• [TASK DESCRIPTION]:
Repeat the data that follows verbatim. Images are not part of the copy.

• [DATA SECTION]:
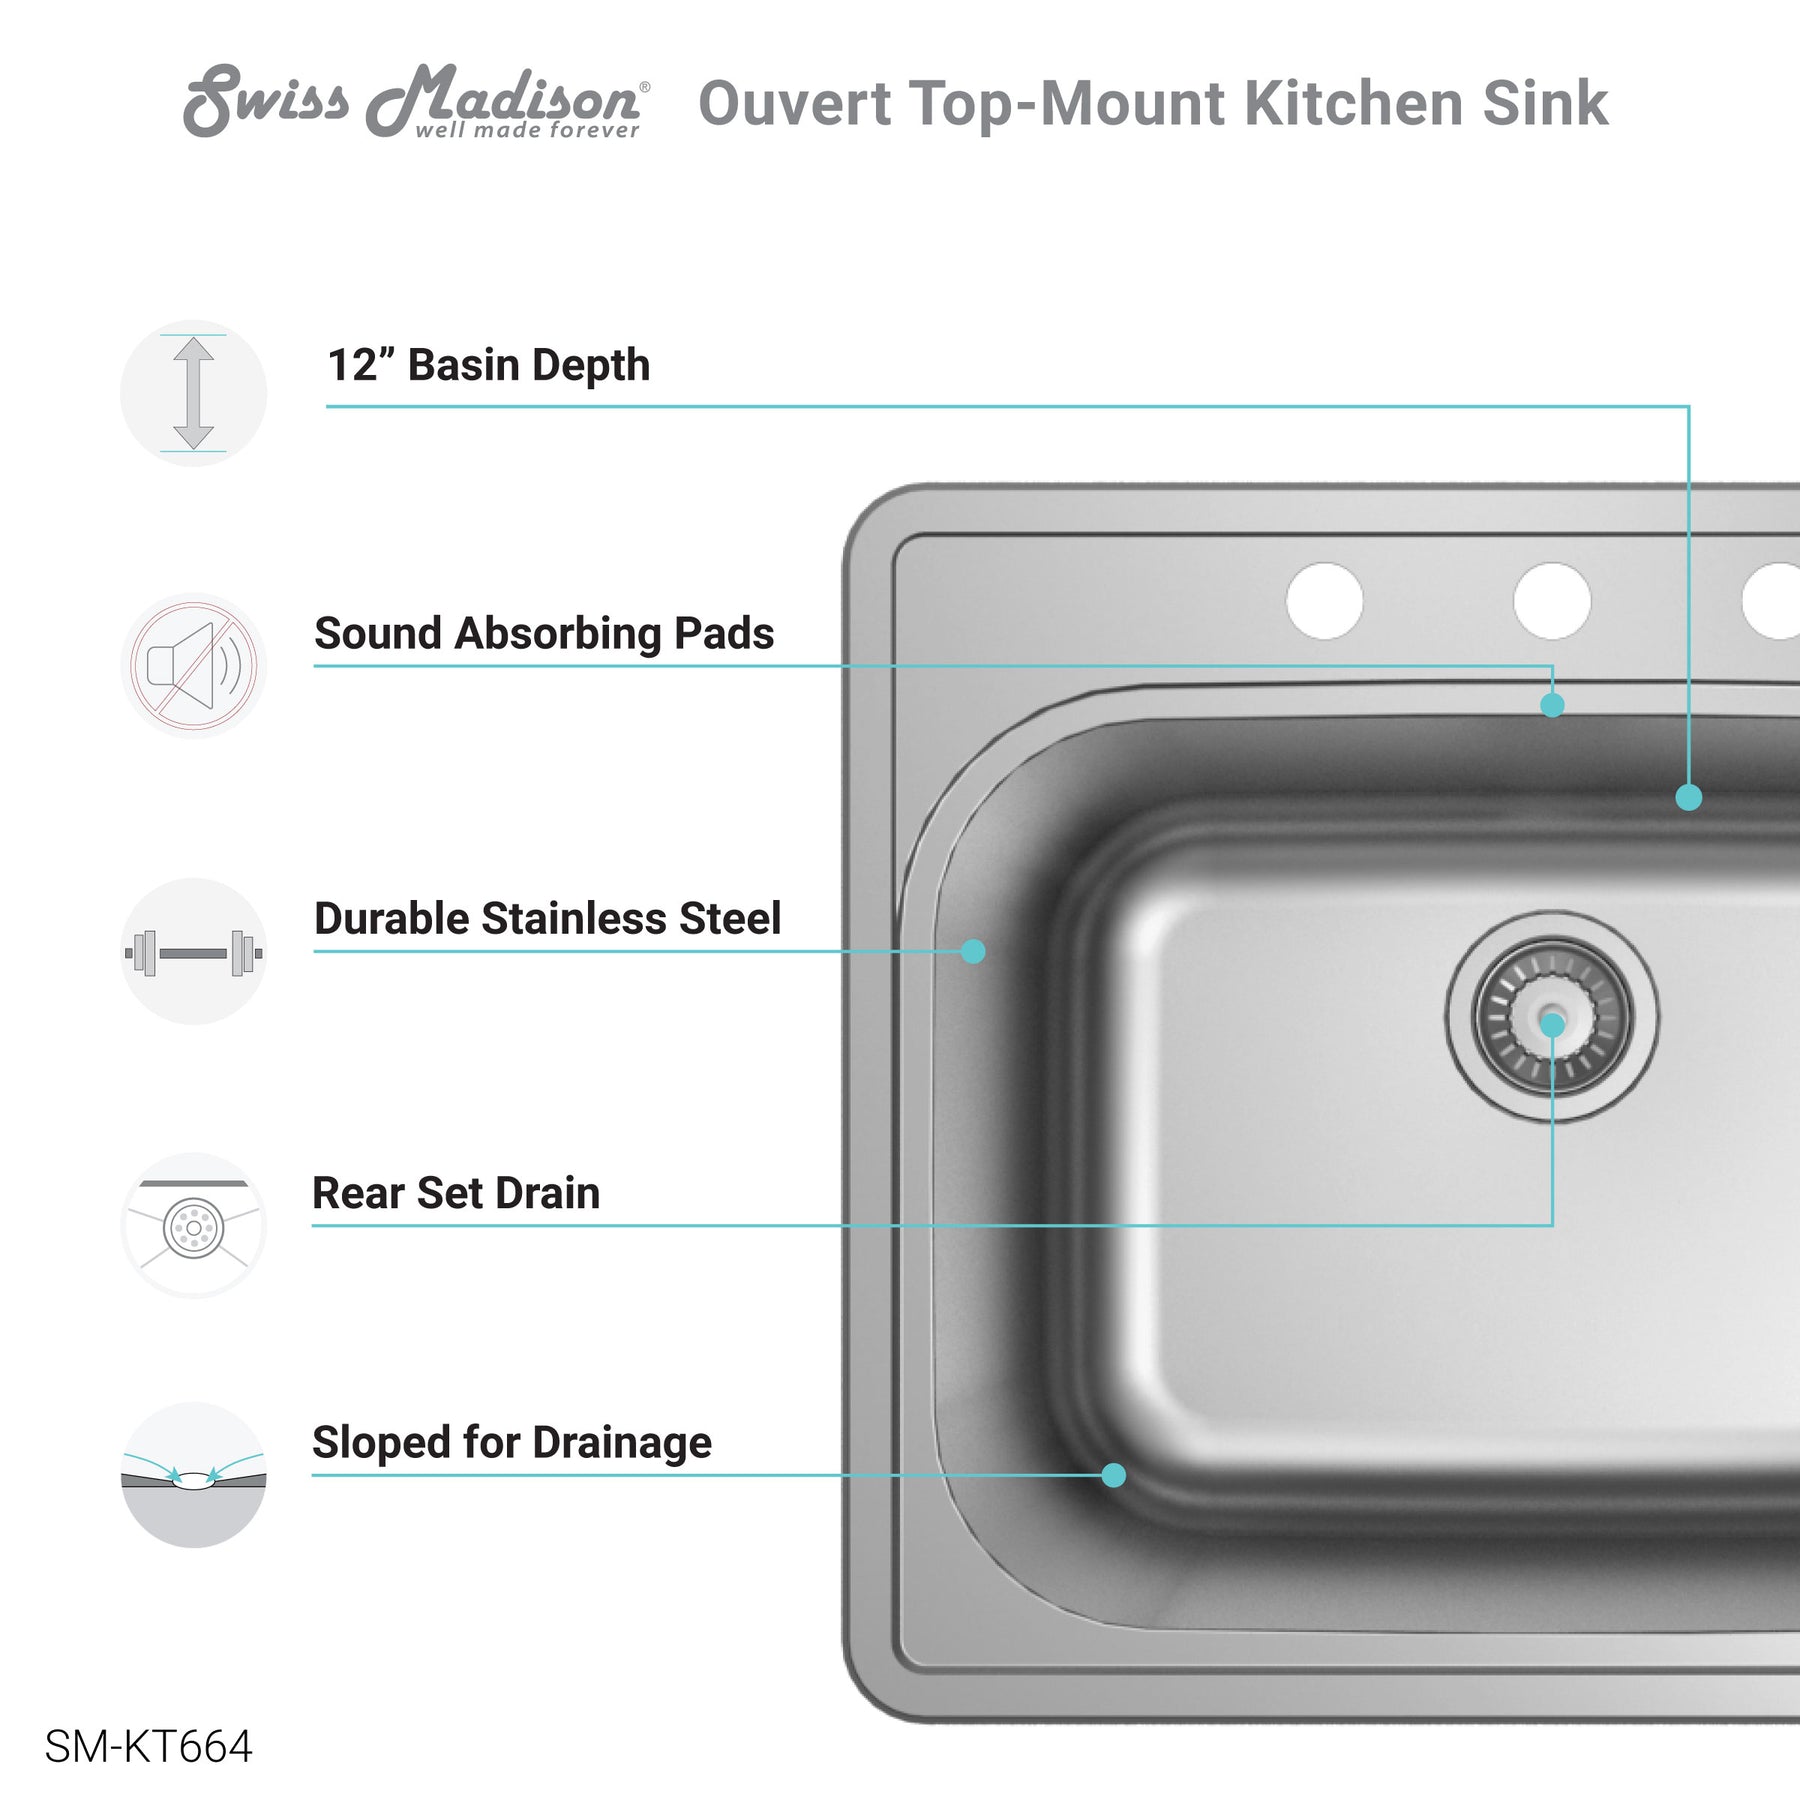 Swiss Madison Ouvert 25 x 22 Single Basin, Top-Mount Kitchen Sink - SM-KT664
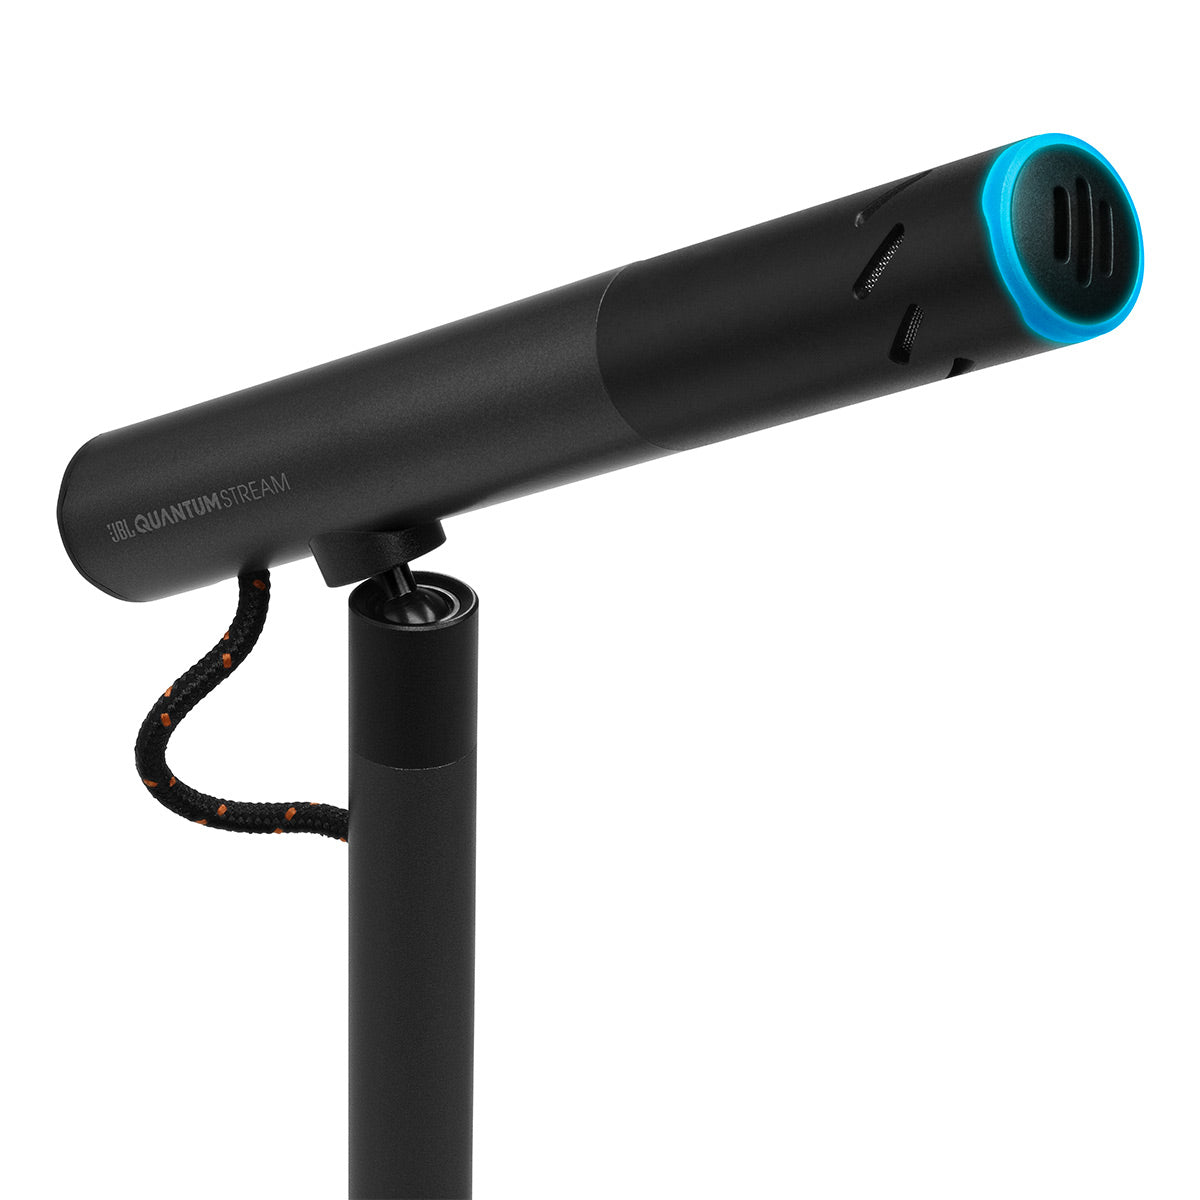 JBL Quantum Stream Talk USB Condenser Microphone for Streaming, Recording, & Gaming
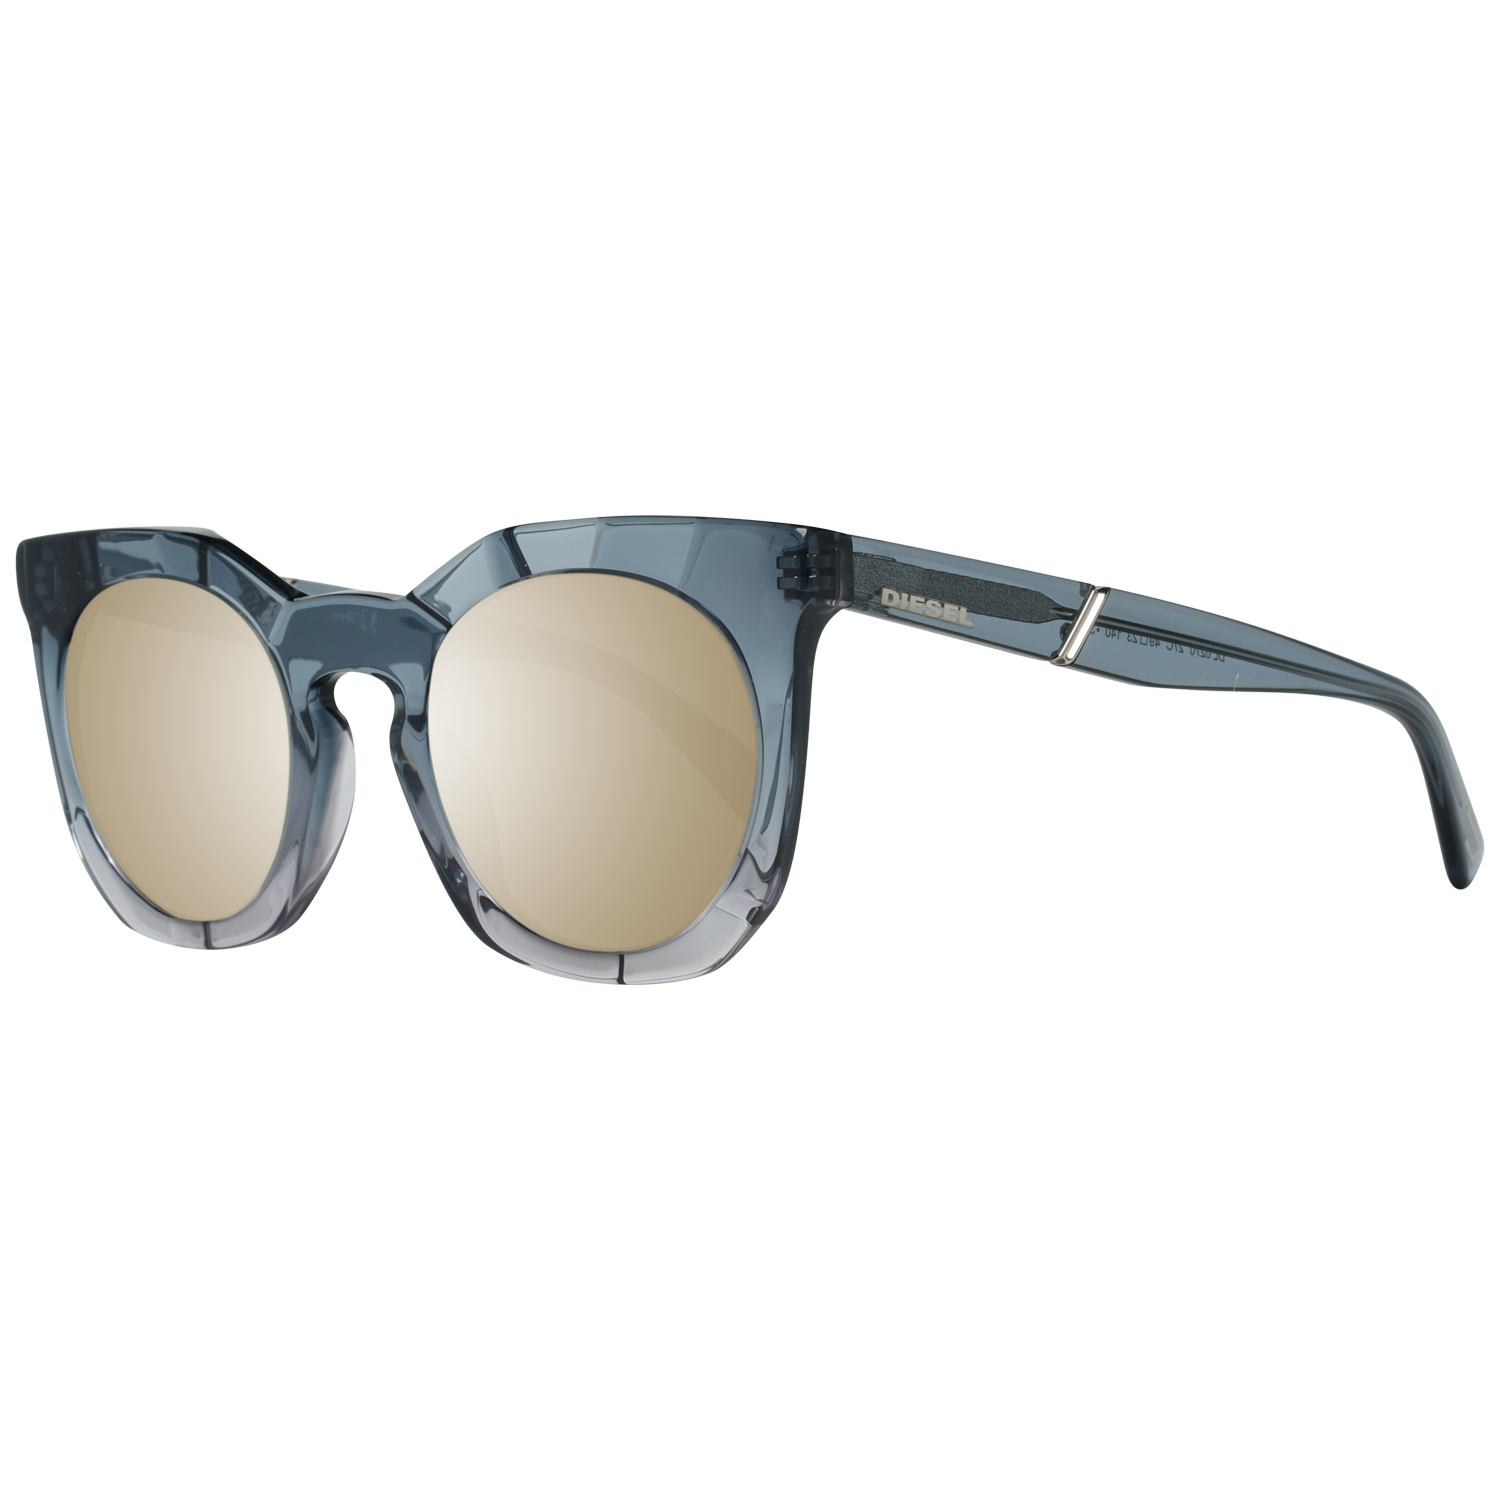 Diesel Sunglasses DL0270 27C 49

• [WRITTEN ANSWER]:
 Swiss Madison Ouvert 25 x 22 Single Basin, Top-Mount Kitchen Sink - SM-KT664
 JBL Quantum Stream Talk USB Condenser Microphone for Streaming, Recording, & Gaming
 Diesel Sunglasses DL0270 27C 49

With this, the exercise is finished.